ただし、70個の水分子を「溶質」にするというのは、かなり難しい計算になるかもと思います。refsなんかがうまく行かないかもしれません。
この場合うまく行かないかもしれないということはどのようなことを意味しているのでしょうか?
potential switchだけに対応しました.先週末に、ver 0.3.2 をリリースしまして、gromacsでのforce switchingに対応するようになりました。ver 0.3.2 では、上のwarningは無くなります
2つめ, soln にて実行時に
Note: The following floating-point exceptions are signalling: IEEE_INVALID_FLAG IEEE_DIVIDE_BY_ZERO
というのがでるのですが、これはどのような内容なのでしょうか?にある通り、 Mac OS Xかcygwinで走らせると出ます。そちらの環境は、Mac OS Xかcygwinでしょうか?何故出るのか良く分らないのですが、結果を見る限りは、問題は無さそうです
ただし、70個の水分子を「溶質」にするというのは、かなり難しい計算になるかもと思います。refsなんかがうまく行かないかもしれません。この場合うまく行かないかもしれないということはどのようなことを意味しているのでしょうか?原理的には問題ないのですが、「溶質」の構造が、真空中と溶液中でかけ離れていると、エネルギーの分布関数が重ならず、 slvfeの際に計算が停まります。それで、70個の水分子からなる「溶質」なのですが、具体的な系は分かりませんが、solnの場合=タンパク質周り?での70個の水分子の配置とrefsの場合=真空中の70個の水分子の配置は、随分違うのかな、と思いました。真空中の70個の水分子のMDの際に、何からのorder parameterを入れて、umbrella samplingなどをして、soln系の水の配置に近くなるように、真空中配置を生成すれば良いかもしれませんが。その場合は、「本当の」真空中の配置ではないので、真空MDの配置にある重みを付けてinsertionをする必要が出てきます。

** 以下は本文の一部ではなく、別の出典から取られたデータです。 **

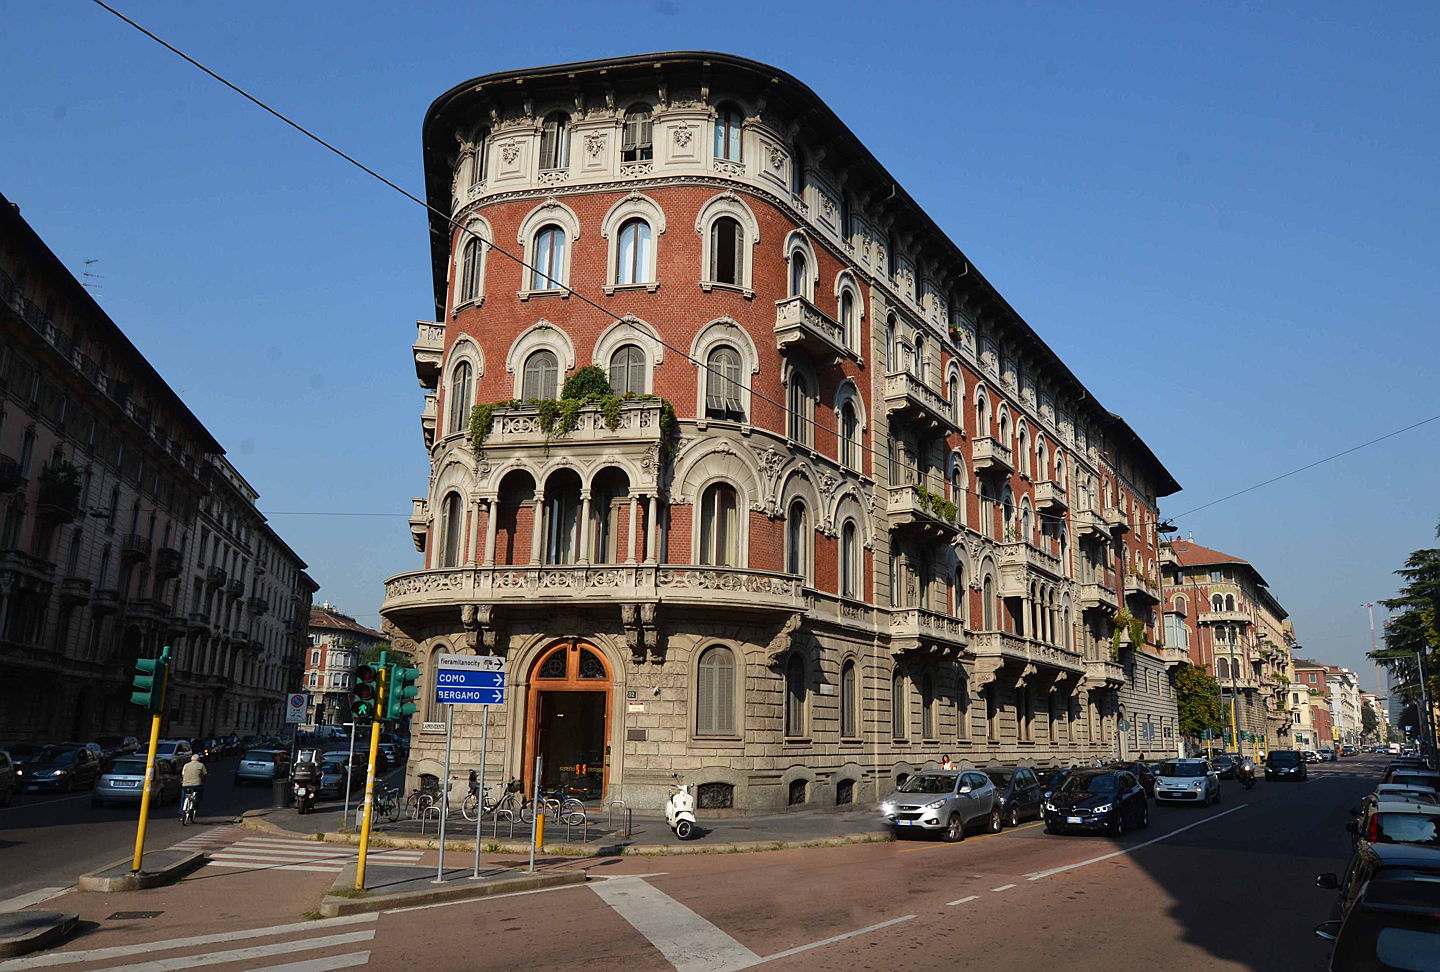  Mailand
- Appartamento_ViaBoccaccio_Palazzo.jpg

ですので、うまいumbrellaがあるのかな?ということで、うまく行かないかも、と述べました。ちなみに、重み付きinsertionですが、の中の wgtins というところに記述があります
確認したいのですが、必要な熱力学過程は真空中の溶質結合からは変わりますが
70この水分子を普通に溶媒中にあるとしての、binding もエネルギー表示では利用可能でしょうか?
タンパク質のbinding を論文でされていたので大丈夫だとおもっているのですが。図でいうと次の状況で
Delta G
(Water300 in solvent) + (Water70 in solvent) => (Water370 in solvent)
Ref をWater300 in solvent、 solute をWater 70 in solvent, soln をWater370 in solvent
でサンプリング(solvent はこの場合、有機溶媒です)して、 Delta G を求めるということです。